Hello all, newbie here. This isn’t an HTM specific question, more a broad implementation design question relevant to any/all neuromorphic designs. The engineering side of me sees synaptic connections as the major roadblock to any large scale hardware implementation (which is stating the obvious in this forum). Currently this manifests as increased memory utilization (to store data about all synapses). Is there any reason we couldn’t use RF to tackle this?
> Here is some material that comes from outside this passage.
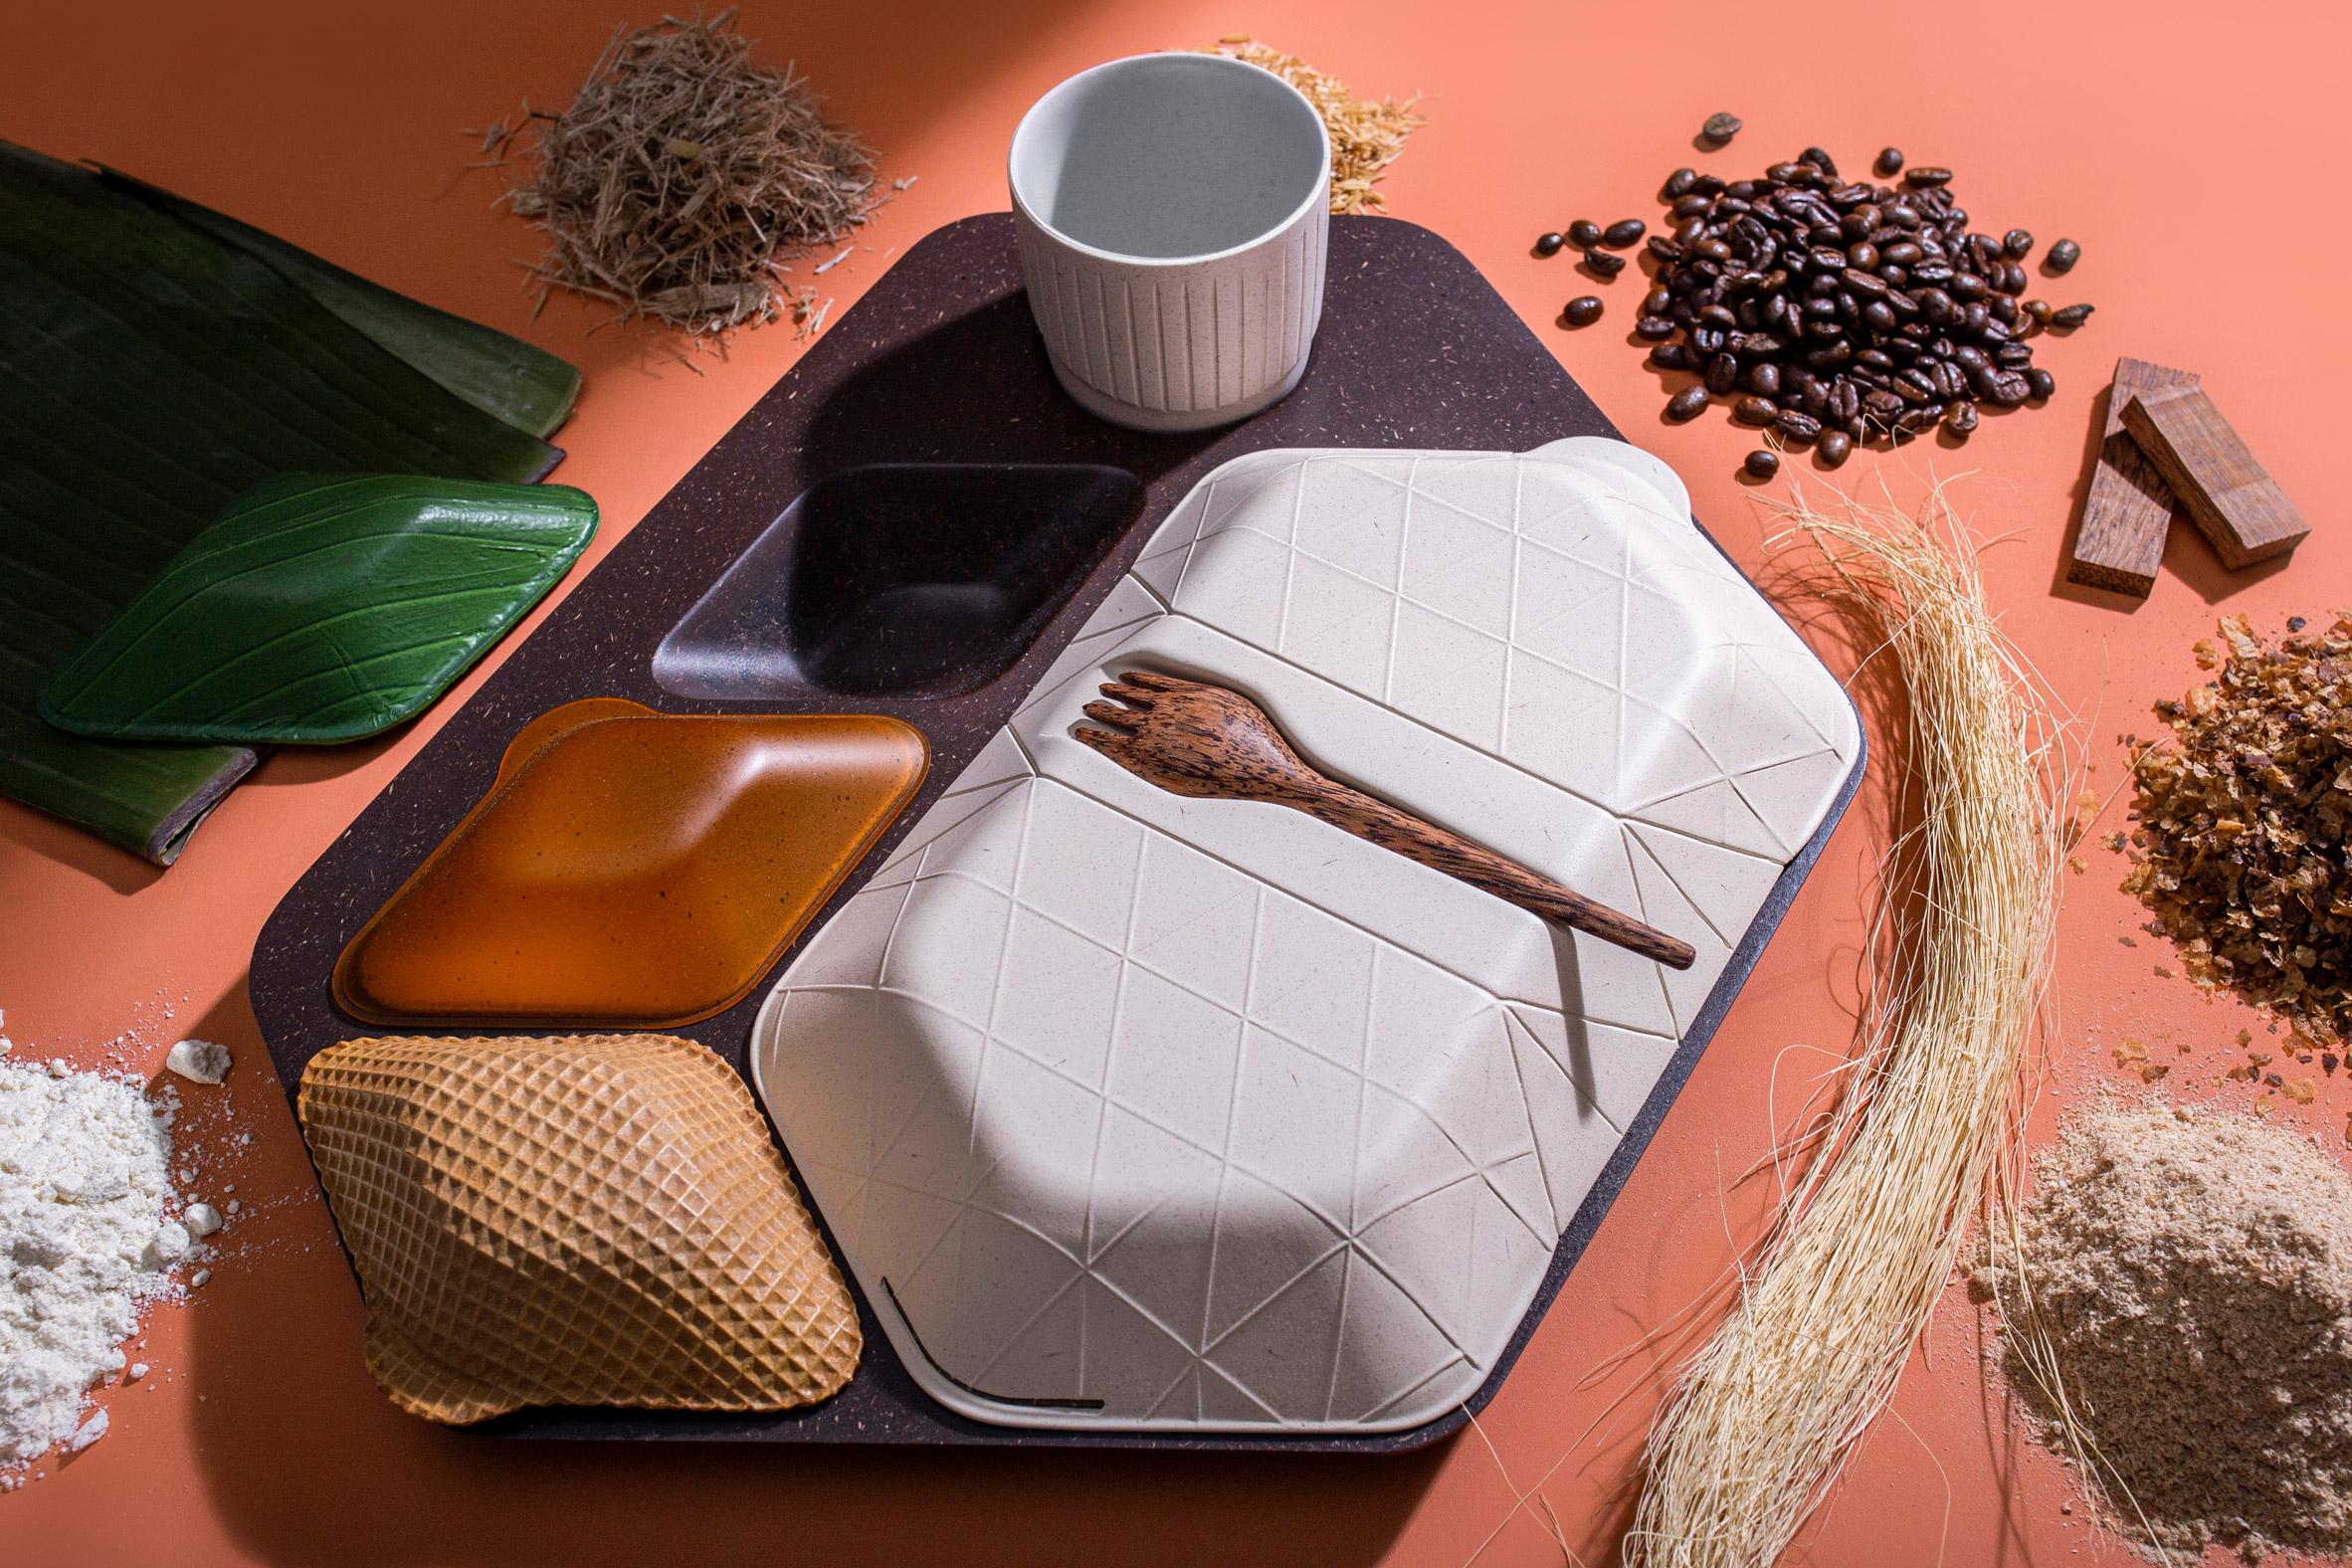 embalagem biodegradável feita arroz café coco

I found very few papers on this topic from 2006 and 2009 but they’re behind a paywall. I envision each neuron designed with a very small, very low power transceiver. (Of course everything in my head may be far more challenging in reality.) I did some research on LTE forever ago so I’m going to steal concepts from there. If you multiplex in time and frequency, considering the short distances involved, you could potentially get millions of unique blocks in a 10ms, 15MHz window. Every neuron would need to know when and where to look, so there would likely need to be a fairly complex scheduler. The more complex part would be that an activated neuron would need to generate a pulse to every neuron with a synaptic connection (meaning multiple time/freq blocks). The potentially cool thing about this is signal strength. Signals from closer neurons would arrive stronger, and multiple signals from distant neurons could combine to overcome an activation threshold. Another way to handle permanence values could be adaptive filters, where less and less of a specific freq would be canceled out, as in increasing permanence.
Anyway, just something I’ve been mulling over. I know this isn’t fully solving memory reliance. Thoughts?